* **DATASET EXTRACT**
BEGIN
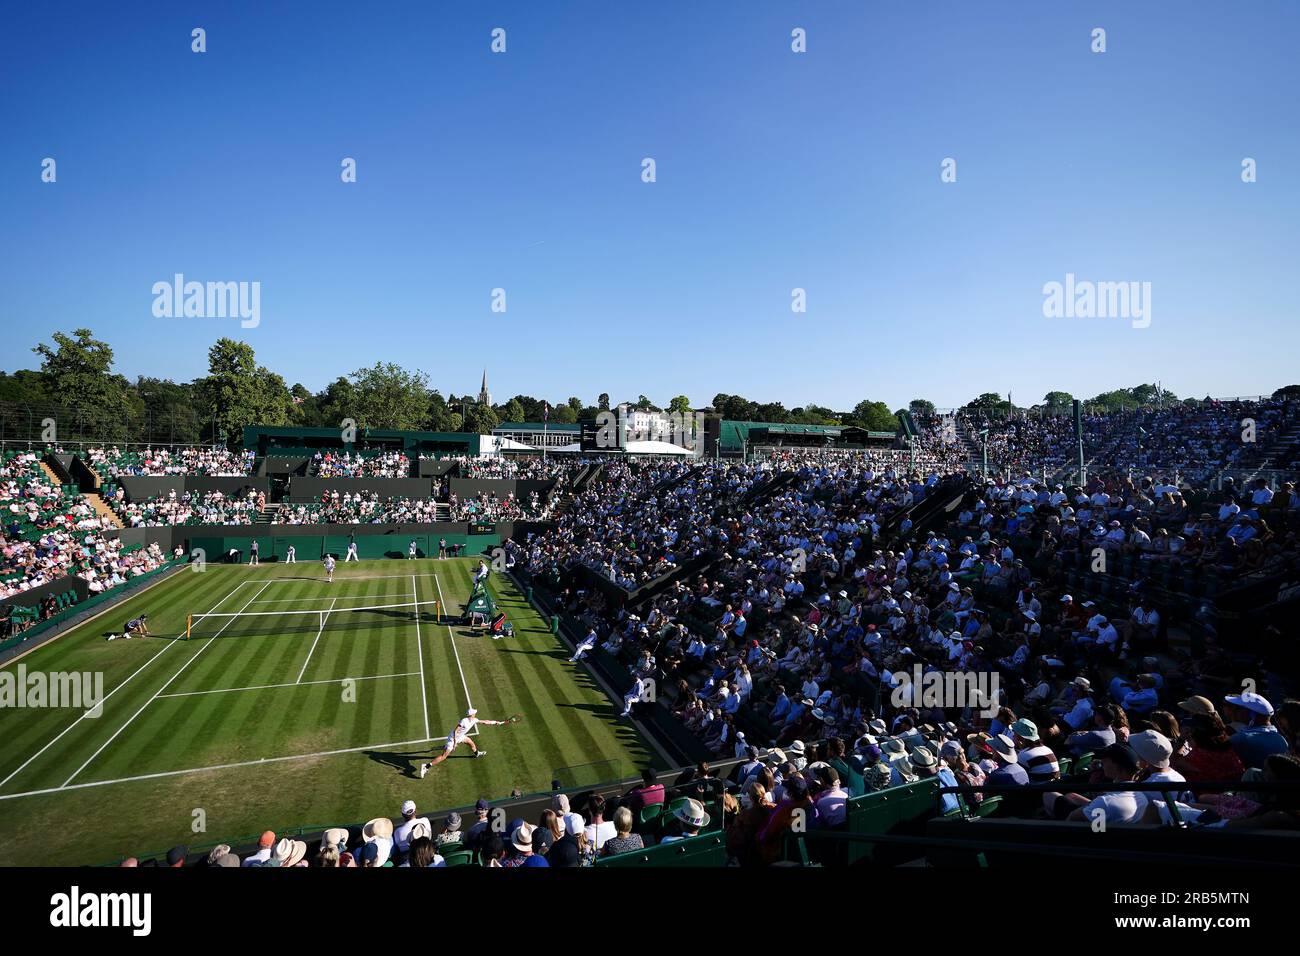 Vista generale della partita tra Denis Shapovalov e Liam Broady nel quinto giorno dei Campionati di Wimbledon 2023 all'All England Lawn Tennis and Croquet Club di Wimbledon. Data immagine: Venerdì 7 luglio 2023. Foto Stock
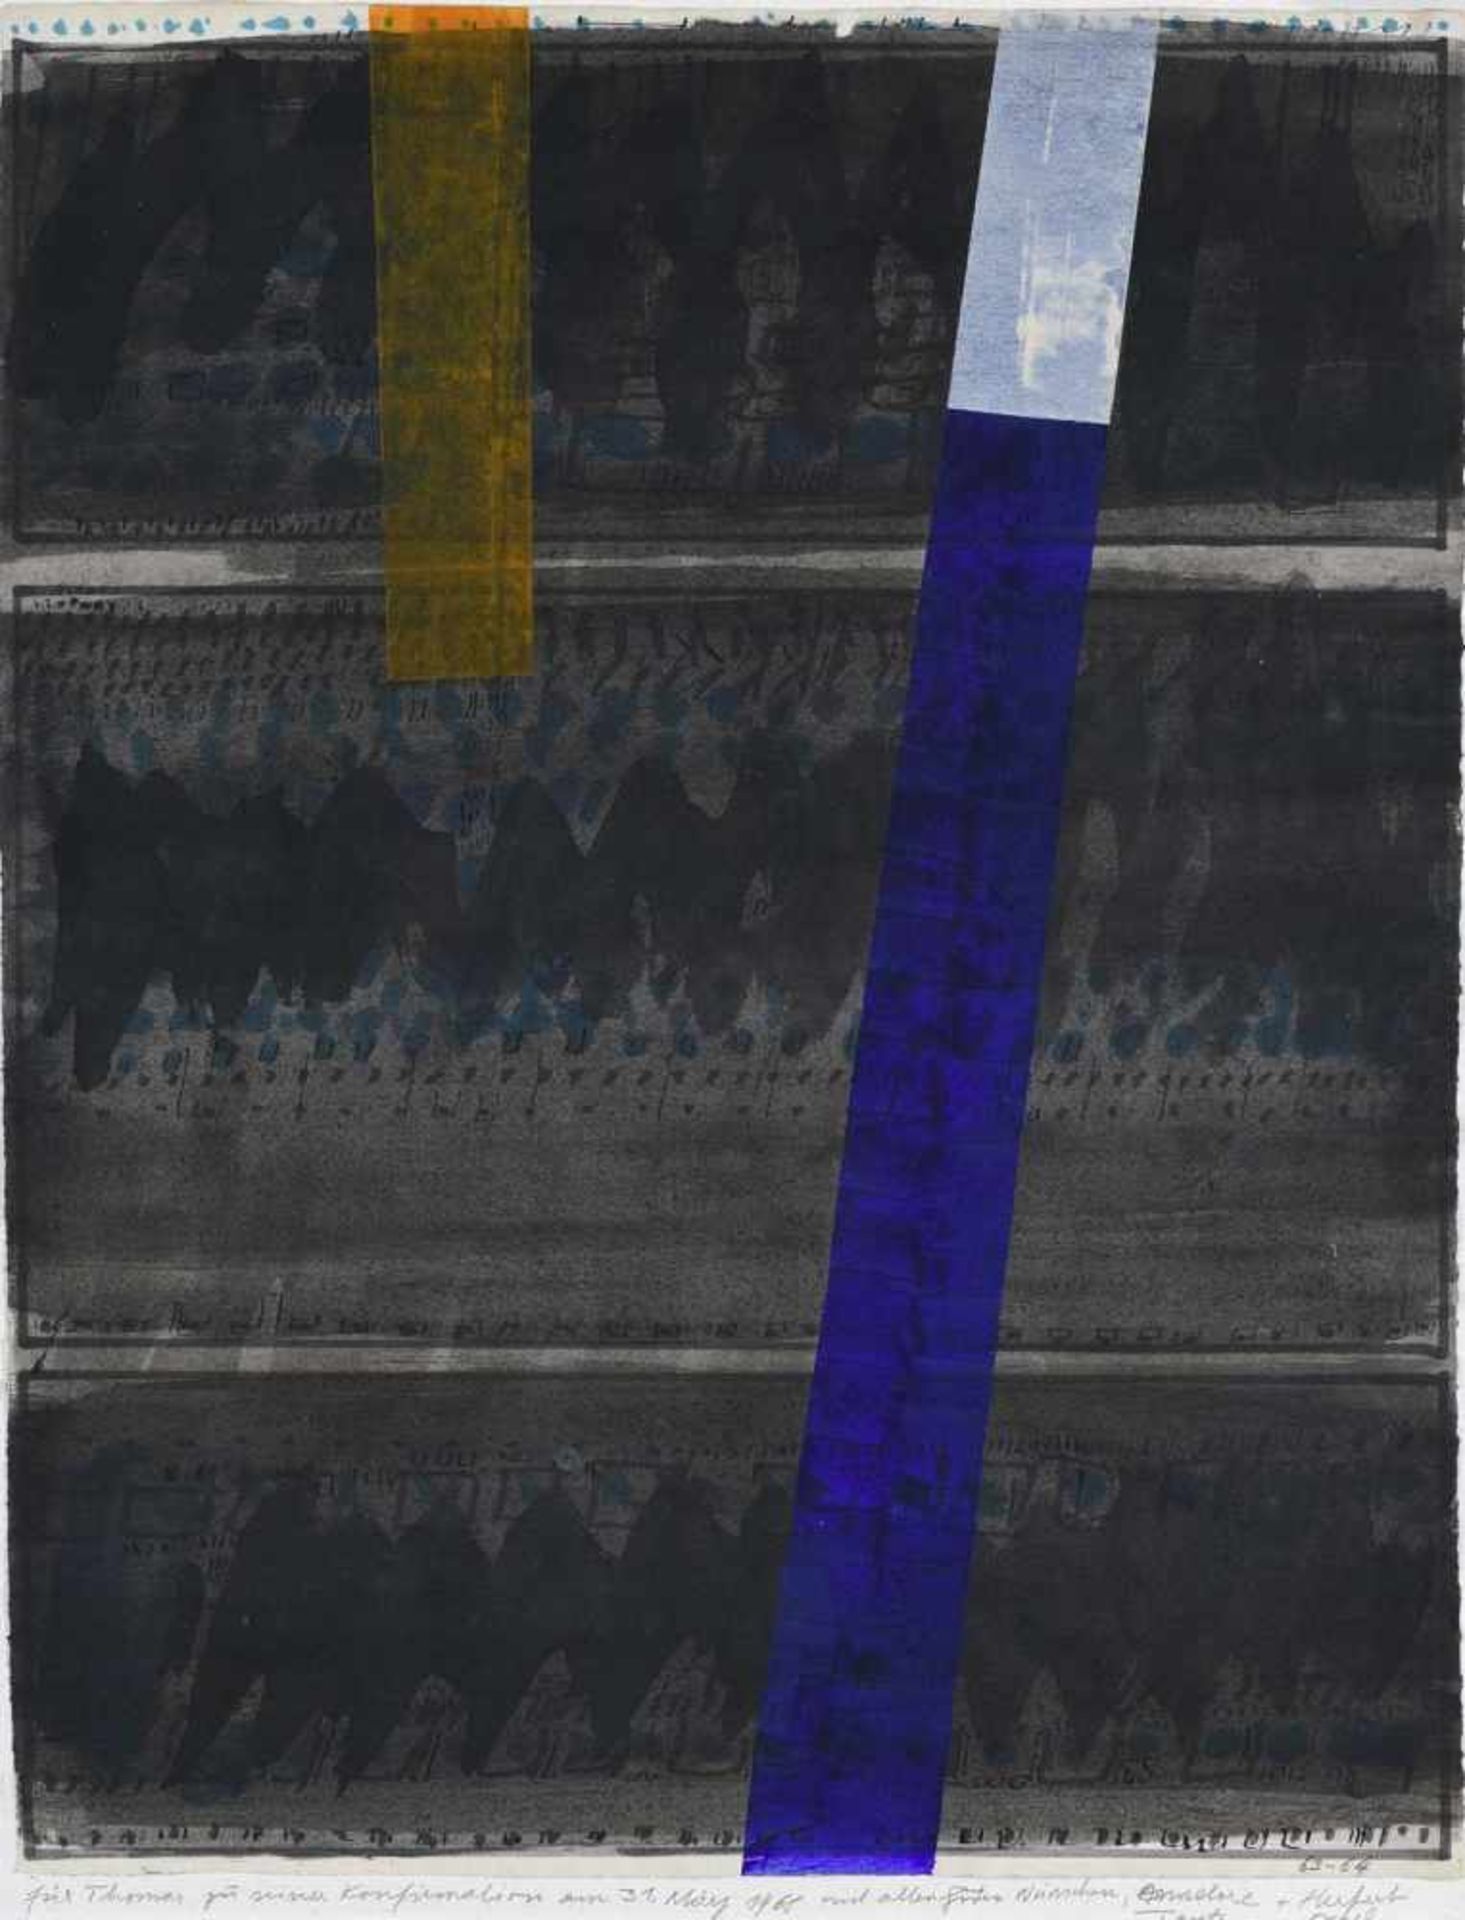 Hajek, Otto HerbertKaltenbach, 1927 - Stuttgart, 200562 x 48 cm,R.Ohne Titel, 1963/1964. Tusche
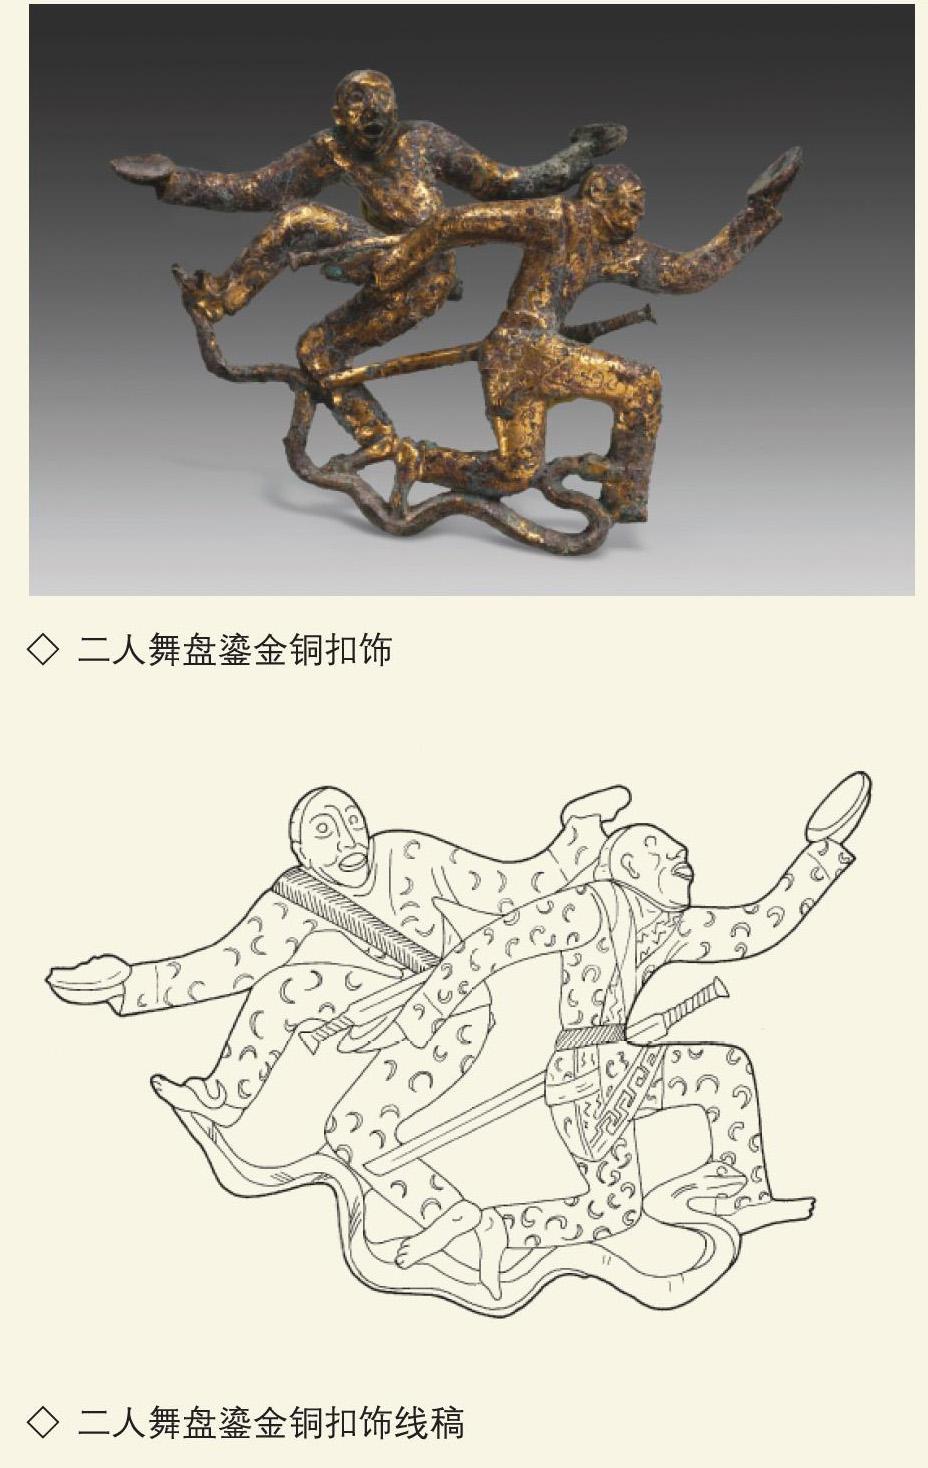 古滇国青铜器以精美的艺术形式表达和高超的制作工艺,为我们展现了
END
* **EXERCISE**
When copying, output the data exactly and leave out the pictures.

* **TASK SOLUTION**
 Vista generale della partita tra Denis Shapovalov e Liam Broady nel quinto giorno dei Campionati di Wimbledon 2023 all'All England Lawn Tennis and Croquet Club di Wimbledon. Data immagine: Venerdì 7 luglio 2023. Foto Stock
 Hajek, Otto HerbertKaltenbach, 1927 - Stuttgart, 200562 x 48 cm,R.Ohne Titel, 1963/1964. Tusche
 古滇国青铜器以精美的艺术形式表达和高超的制作工艺,为我们展现了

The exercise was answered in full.